**WORK TO BE COMPLETED:**
The data below is to be transcribed word for word; pictures are to be excluded.

**AVAILABLE DATA:**
* * *

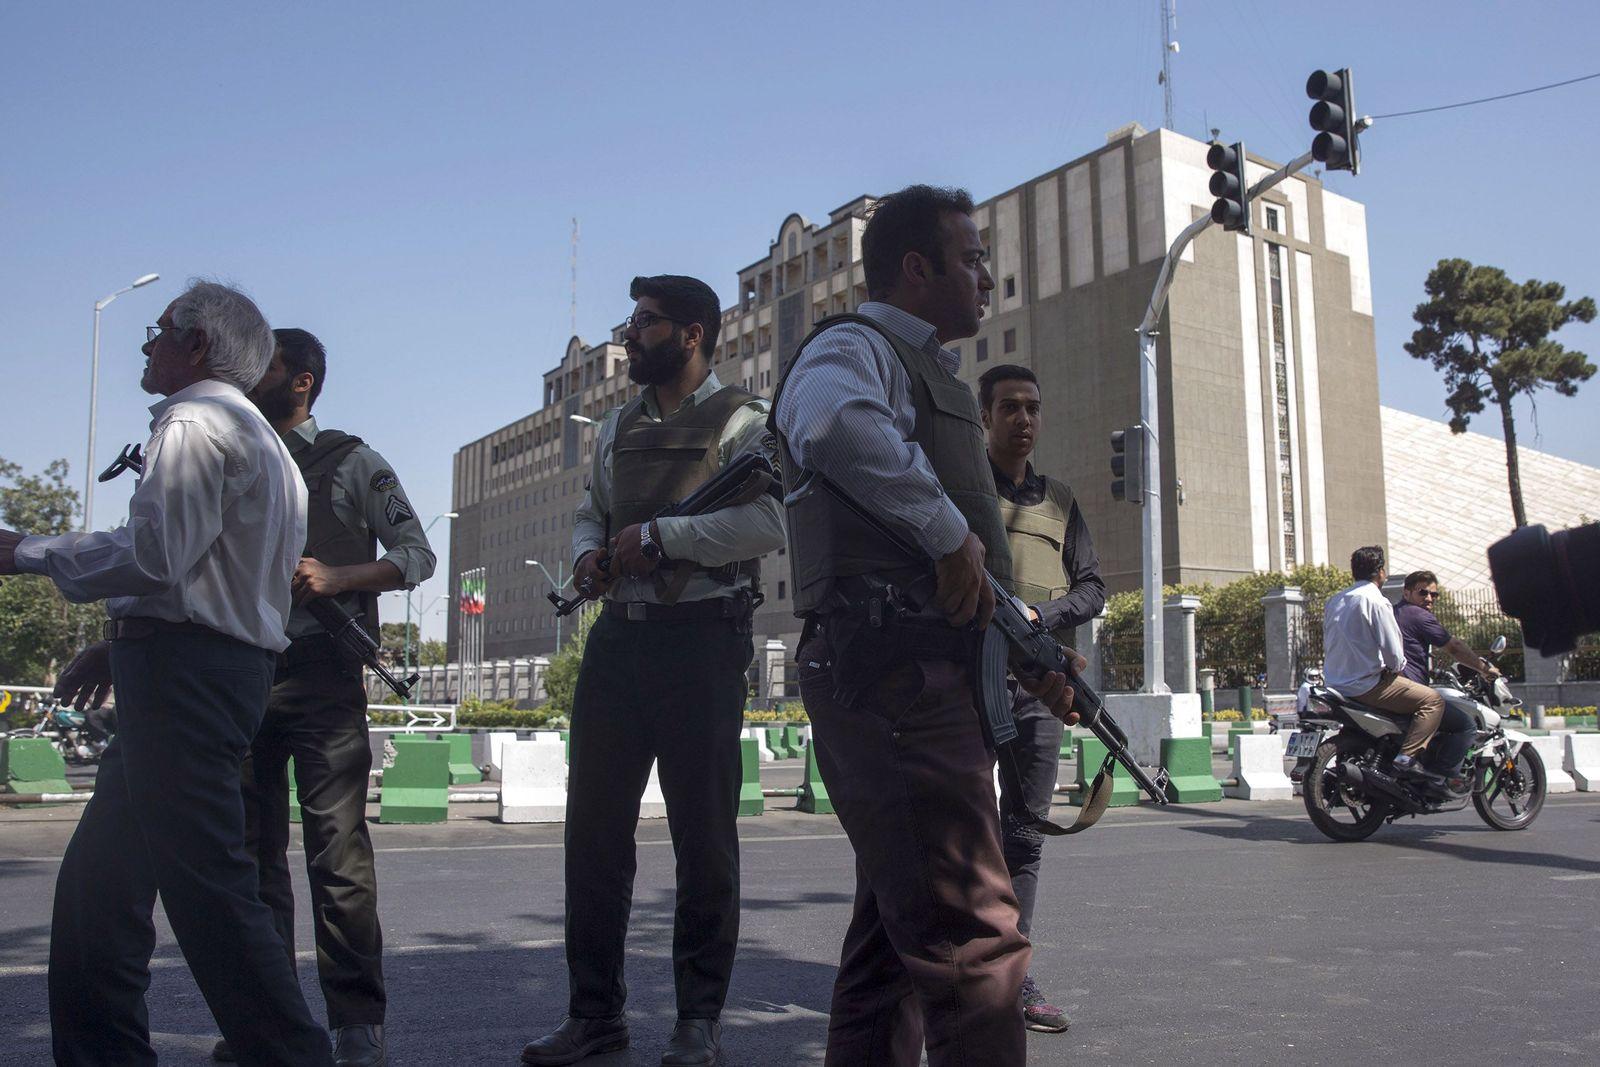 Iran / Teheran / Polizisten
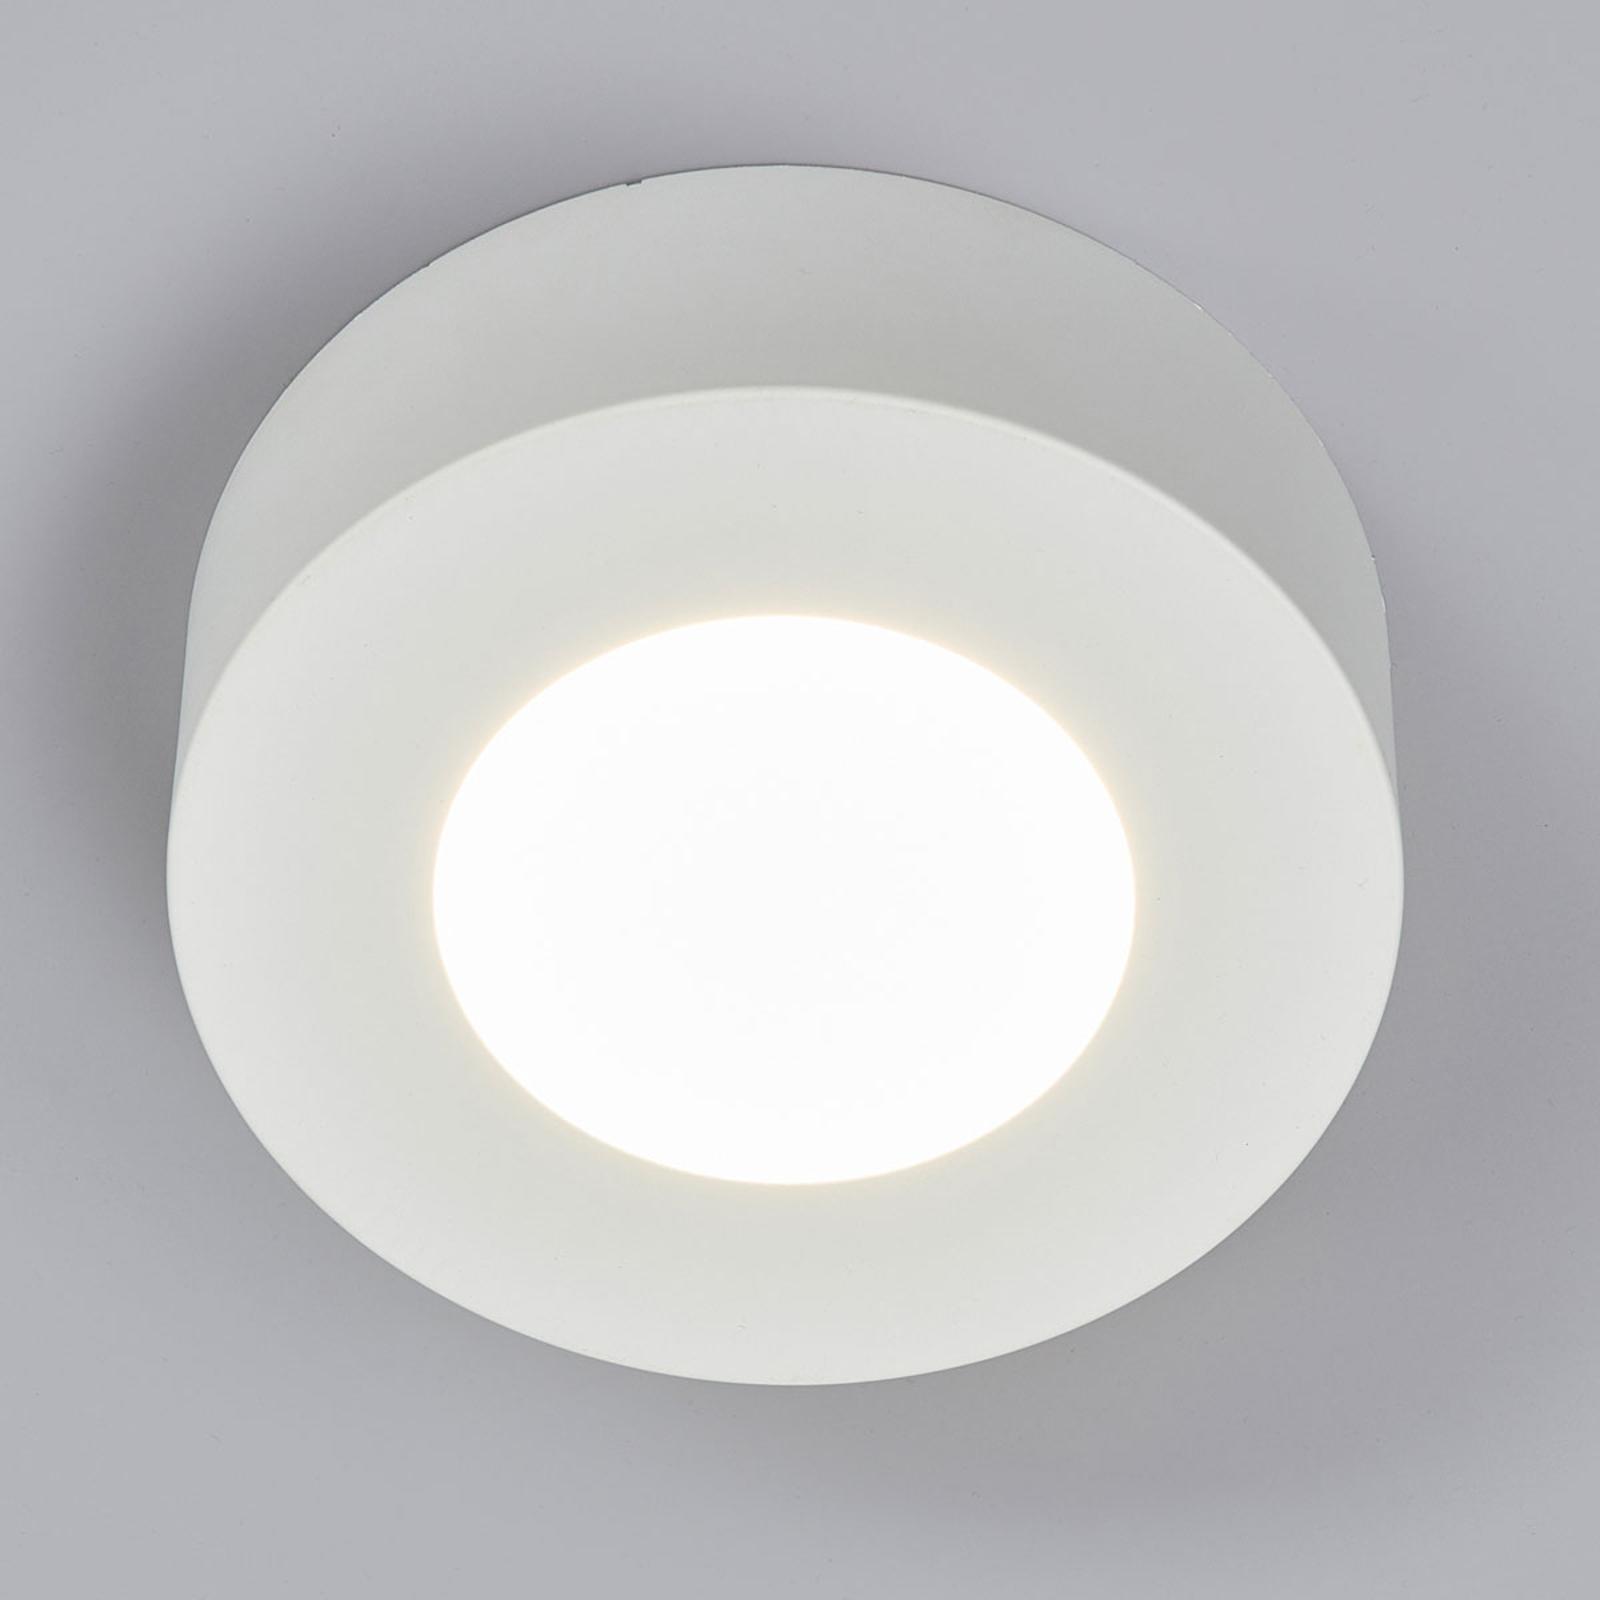 LED-taklampe Marlo, hvit, 4000K rund 12,8cm
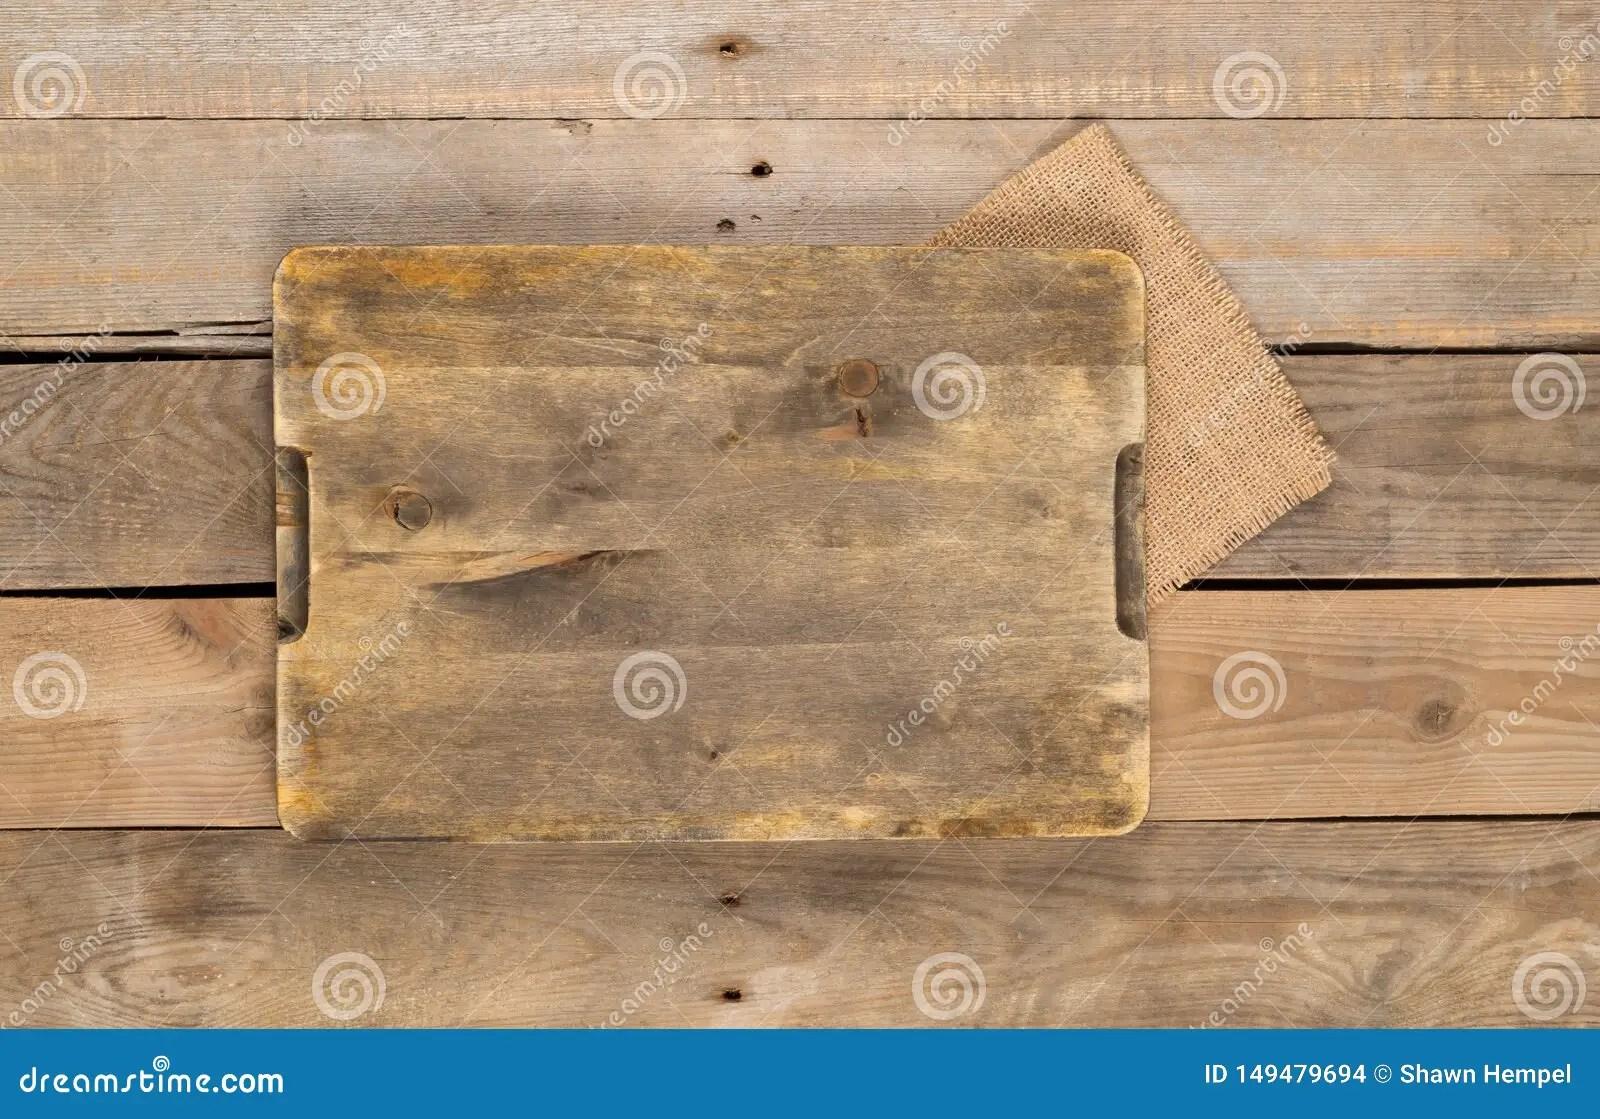 https fr dreamstime com planche d couper vide vue sup rieure fond en bois brun rustique table haut l espace copie image149479694
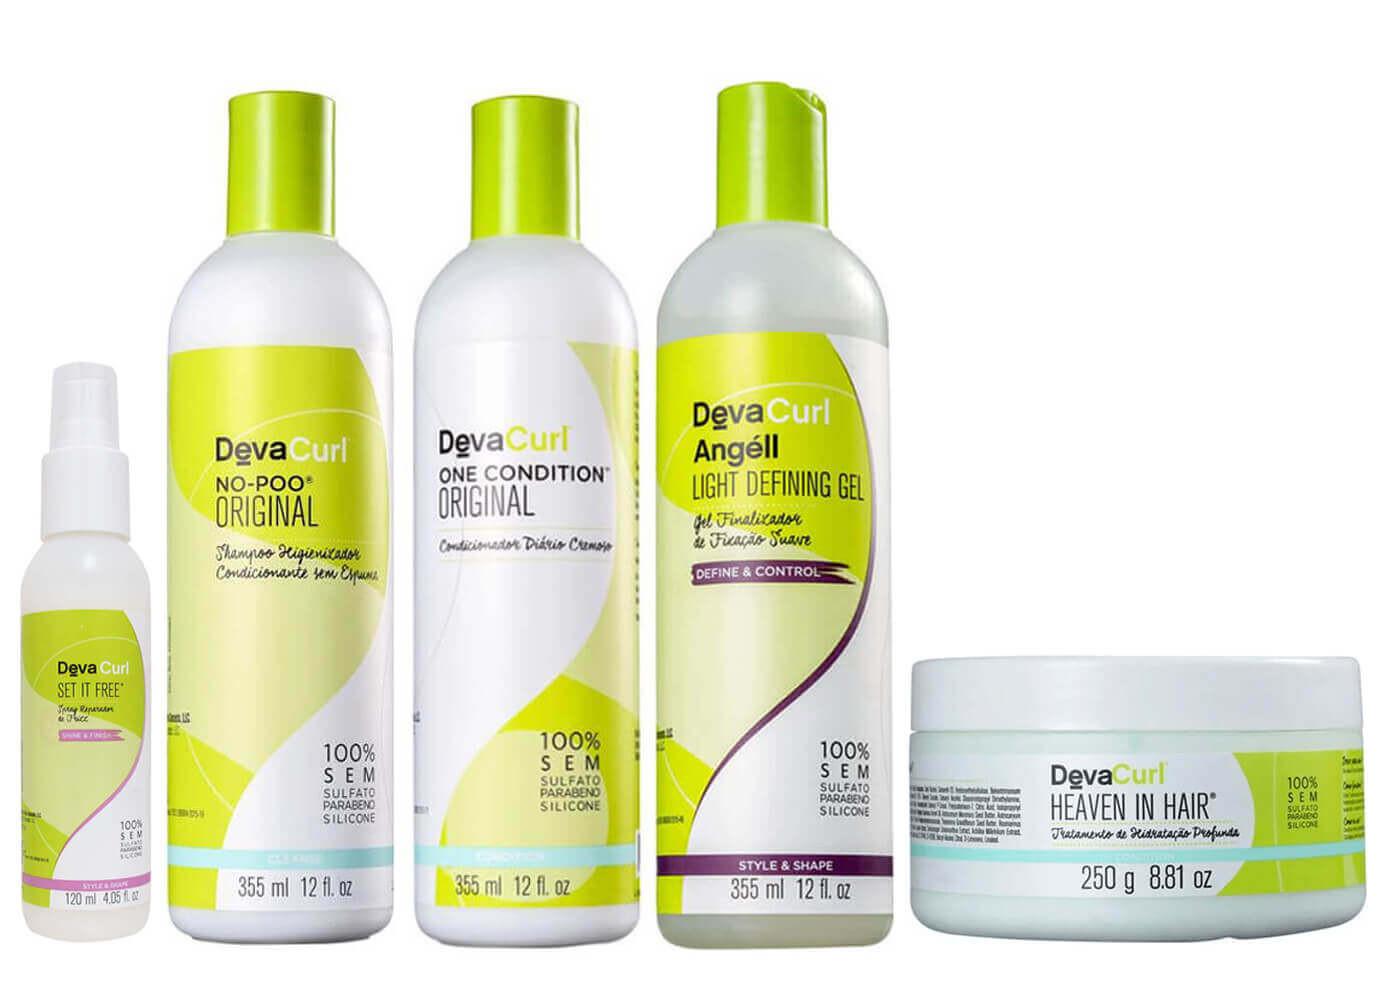 973908daa Comprar Deva Curl Kit 355ml Cachos c/ 5 Produtos

* * *

**SOLUTION:**
 Iran / Teheran / Polizisten
 LED-taklampe Marlo, hvit, 4000K rund 12,8cm
 https fr dreamstime com planche d couper vide vue sup rieure fond en bois brun rustique table haut l espace copie image149479694
 973908daa Comprar Deva Curl Kit 355ml Cachos c/ 5 Produtos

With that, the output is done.